On Thu, Sep 2, 2010 at 5:35 PM, Rafael J. Wysocki <rjw@...k.pl> wrote:
> On Friday, September 03, 2010, Colin Cross wrote:
>> On Thu, Sep 2, 2010 at 4:09 PM, Rafael J. Wysocki <rjw@...k.pl> wrote:
>> > On Friday, September 03, 2010, Colin Cross wrote:
>> >> On Thu, Sep 2, 2010 at 2:34 PM, Alan Stern <stern@...land.harvard.edu> wrote:
>> >> > On Thu, 2 Sep 2010, Colin Cross wrote:
>> >> >
>> >> >> That would work, but I still don't see why it's better.  With either
>> >> >> of your changes, the power.completion variable is storing state, and
>> >> >> not just used for notification.  However, the exact meaning of that
>> >> >> state is unclear, especially during the transition from an aborted
>> >> >> suspend to resume, and the state is duplicating power.status.  Setting
>> >> >> it to complete in dpm_prepare is especially confusing, because at that
>> >> >> point nothing is completed, it hasn't even been started.
>> >> >
>> >> > The state being waited for varies from time to time and is only
>> >> > partially related to power.status.  Instead of using a completion I
>> >> > suppose we could have used a new "transition_complete" variable
>> >> > together with a waitqueue.  Would you prefer that?  It's effectively
>> >> > the same thing as a completion, but without the nice packaging already
>> >> > provided by the kernel.
>> >> No, that doesn't change anything.  What I'd prefer to see is a
>> >> wait_for_condition on the desired state of the parent.  As is,
>> >> power.completion means one thing during suspend (the device has
>> >> started, but not finished, suspending), and a different thing during
>> >> resume (the device has not finished resuming, and may not have started
>> >> resuming).  That difference is exactly what caused the bug - the
>> >> completion has to be set on init so that it is set before the device
>> >> starts suspend.
>> >
>> > Not really.  The bug is there, because my analysis of the suspend error code
>> > path was wrong.  Sorry about that, but it has nothing to do with the "different
>> > meaning" of the completions during suspend and resume.
>> >
>> > The completions here are simply used to enforce a specific ordering of
>> > operations, nothing more.  They have no meaning beyond that.
>>
>> The completion variable maintains state.
>
> So what?  Locks also maintain state.
>
>> It has meaning whether or not you want it to.  Leaving it as a completion
>> variable requires that you manage that state, which is difficult considering
>> there is no documentation and no clear idea in the code of exactly when that
>> state is set or clear.
>
> Please run "git show 5af84b82701a96be4b033aaa51d86c72e2ded061" and read the
> changelog.  It's described in there quite clearly (I think).
Yes, that is very clear, sorry I didn't see it before.  A simple
description closer to the code would have helped me.
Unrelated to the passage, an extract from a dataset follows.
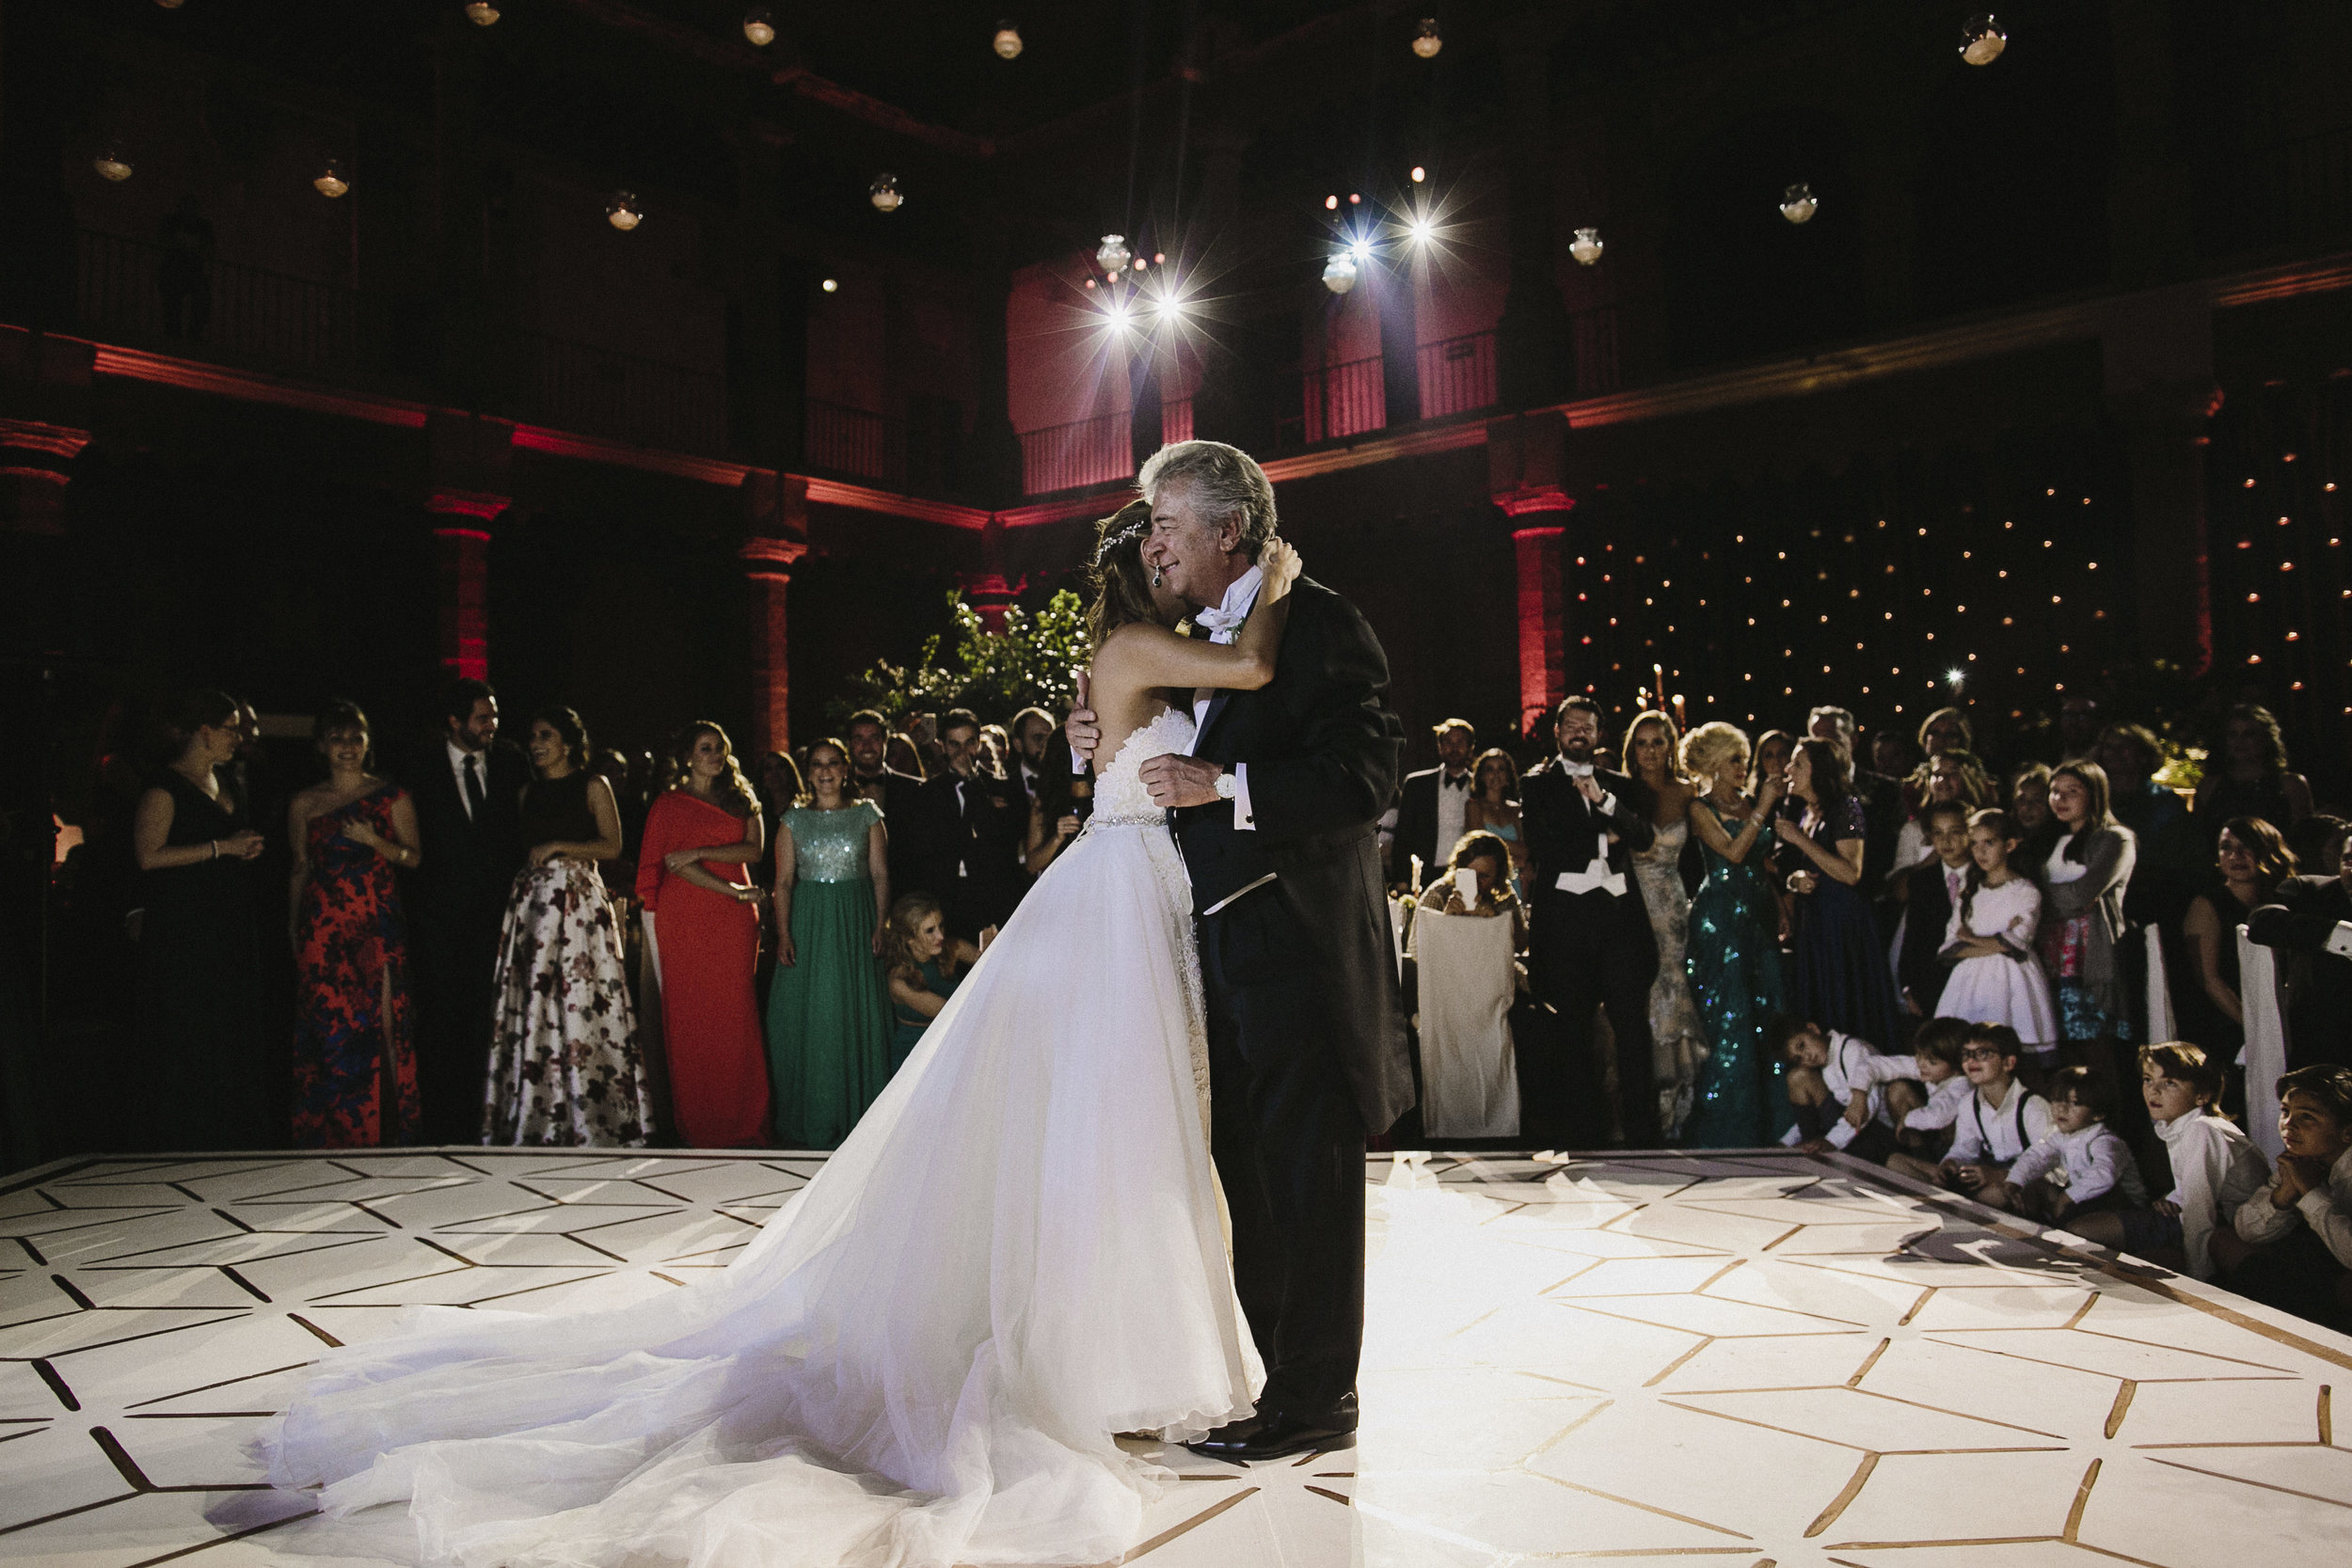 alfonso_flores_destination_wedding_photogrpahy_paola_alonso-993.JPG

>> It would be much cleaner to use a wait queue, and use
>> wait_on_condition to wait for the device to be in the desired state.
>
> Well, in fact that was used in one version of the patchset that introduced
> asynchronous suspend-resume, but it was rejected by Linus, because it was
> based on non-standard synchronization.  The Linus' argument, that I agreed
> with, was that standard snychronization constructs, such as locks or
> completions, were guaranteed to work accross different architectures and thus
> were simply _safer_ to use than open-coded synchronization that you seem to be
> preferring.
If I'm reading the right thread, that was using rwlocks, not
conditions.  wait_on_condition looks just as cross-architecture as
completions, and is almost as simple.

I look at it like this:  Are you waiting for something to complete, or
are you waiting for something to be in a specific state?  Completion
works great if you know that you will only want to wait after it
starts.  That's not true for an aborted suspend - you may call
dpm_wait on a device that has never started resuming, because it never
suspended.  You can use a completion, and make sure it's state is
right for all the corner cases, but at the end of the day that's not
what you mean.  What you mean is "wait on the device to be resumed",
and that's a condition, not a simple completion event.

> Completions simply allowed us to get the desired behavior with the least
> effort and that's why we used them.
I'm happy with the end result, but I may submit a patch that converts
the completions to conditions for discussion.